Uncontrolled ditching has made yearly flash floods the norm in the Town Creek area of Brunswick County, NC, the flood of 1999 submerging downstream residents under 23 feet of cold, black, rushing water.


The Forestry Mantra

Despite the timber industry denials of guilt and cries of YOU SHOULD HIRE A HYDROLOGIST, water is still obeying the law of gravity,flowing downstream with unbelievable velocity.
 

Updates


August 30, 2000

One tiny win for the environment as International Paper Company announced to the North Carolina Pesticide Board that they plan to temporarily suspend all herbicide spraying in southeastern North Carolina.
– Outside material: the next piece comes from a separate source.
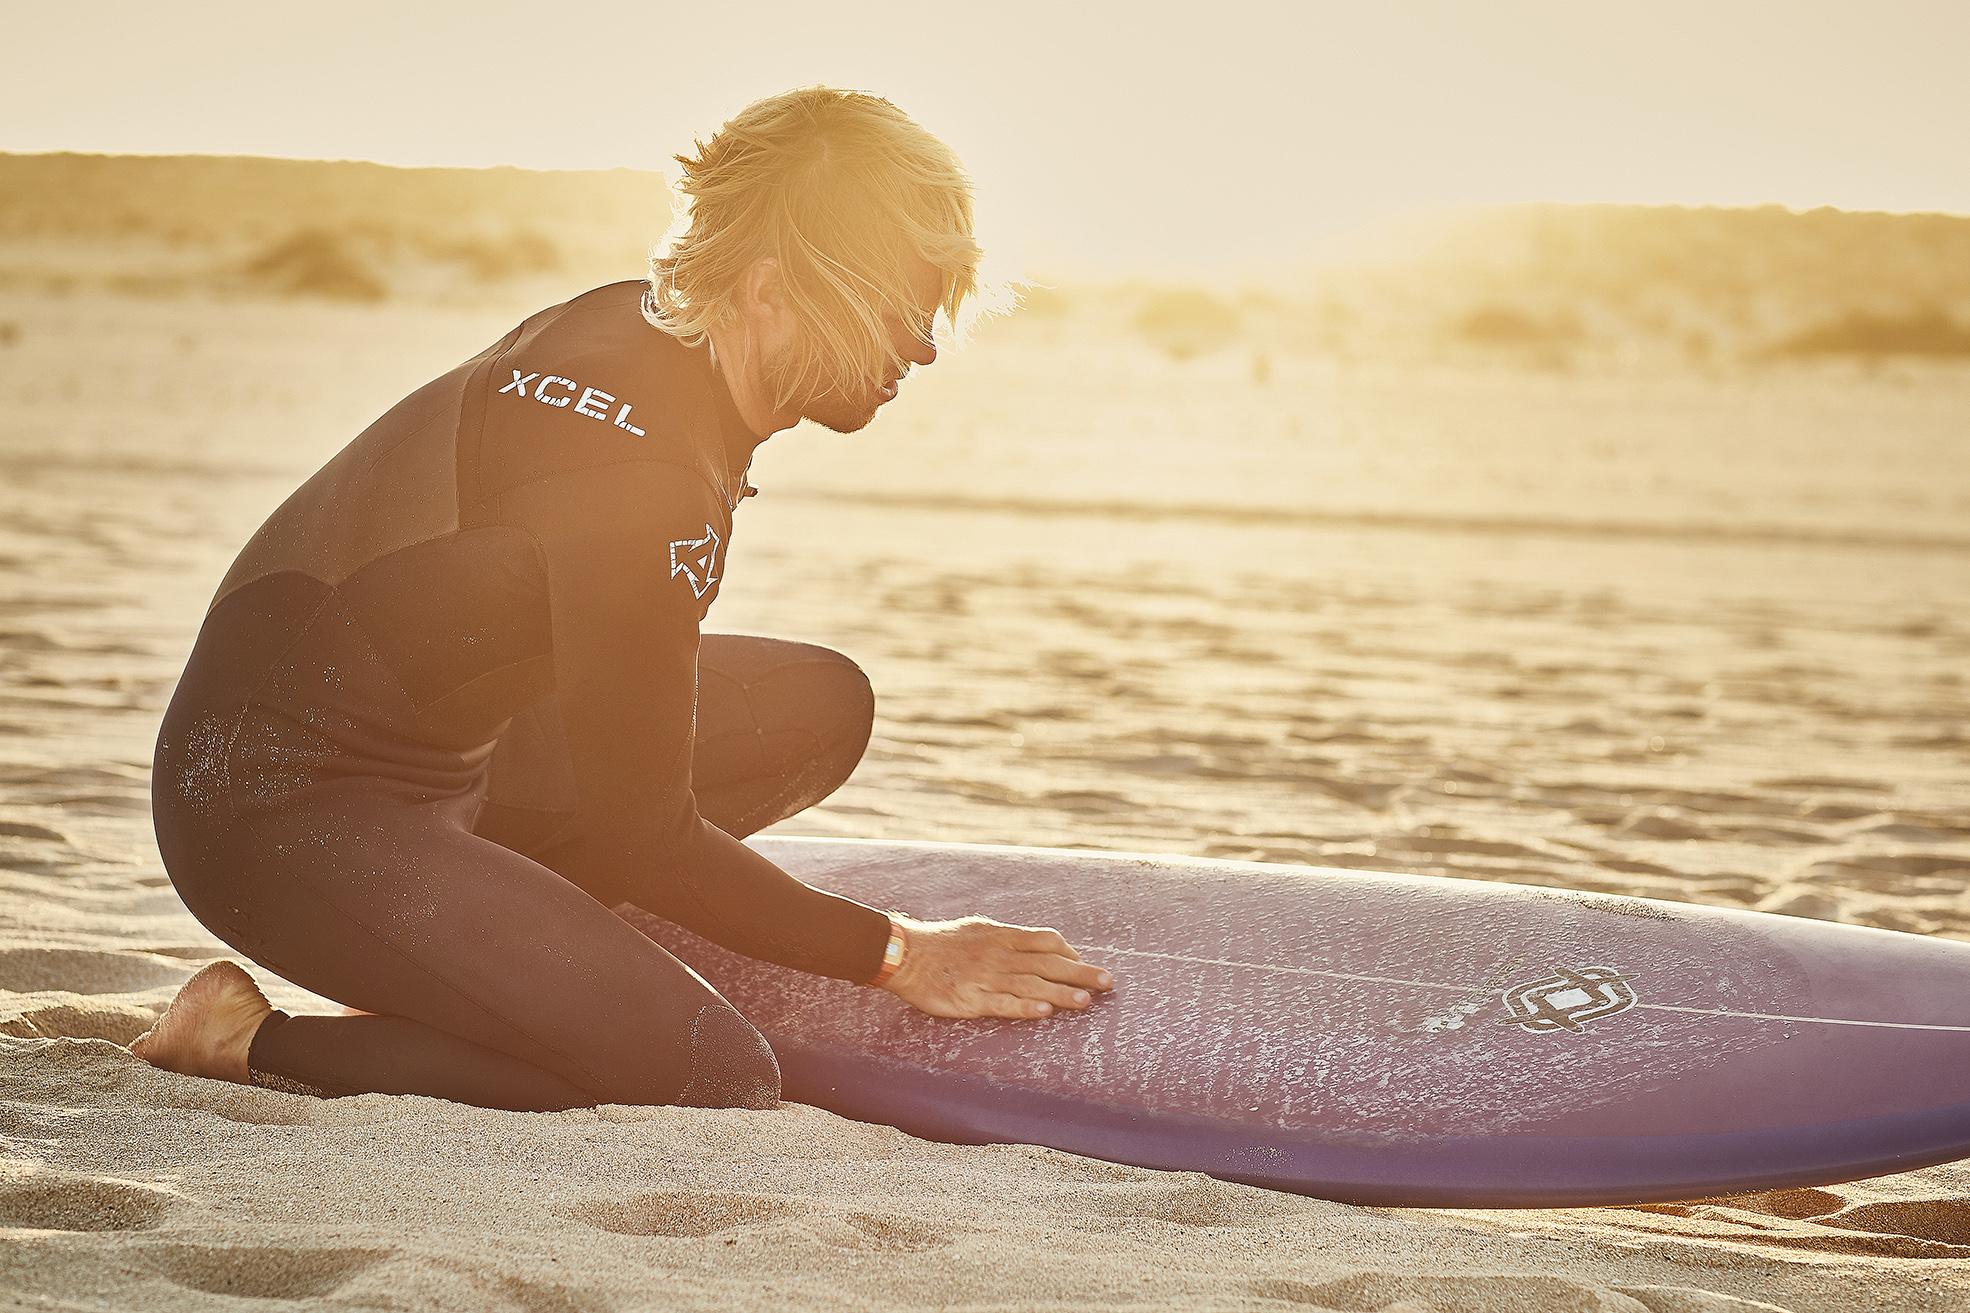 male surfer waxing his board

At the request of the NC department of Environment and Natural Resources the pesticide Board had scheduled an investigation into wrongdoing by forestry in their practice of intensively spraying herbicides over wetland pine plantations.


NEWS FLASH !!

Brunswick County, NC - (July, 2000) - International Paper Co. recently installed 40 feet of silt fence and several bales of straw on their 300,000 acre pine plantation to prevent erosion along the main tour route through the Green Swamp. This “first noticable attempt" at erosion control will no doubt be enshrined with placards just as last years pathetic wildlife food plots were.

Winnabow, North Carolina - (September, 2000) During the peak of hurricane season CCSENC members discover a drainage canal less that 30 days old, measuring 55 feet wide and over 10 feet deep. This, after residents pleaded with forestry management to close off some canals to lessen downstream flooding.

Town Creek, North Carolina - (October, 2000) The Army Corps of Engineers at the request of downstream residents, the Brunswick County Commissioners, and N.C. Congressman Mike McIntyre have initiated a hydrological study into the flooding caused by stormwater runoff flowing from the Green Swamp.

Town Creek, North Carolina - (November, 2000) Conspicuously absent from the Green Swamp game lands this fall are the wildlife food plots so publicized last year as "PATHETIC".

December 12, 2000

Apparently forgetful of the hydrologic cycle, the North Carolina Pesticide Board unanimously approved guidelines permitting herbicide spraying in wetlands. Surface waters may be sprayed if less than 12 inches deep and less than thirty days old.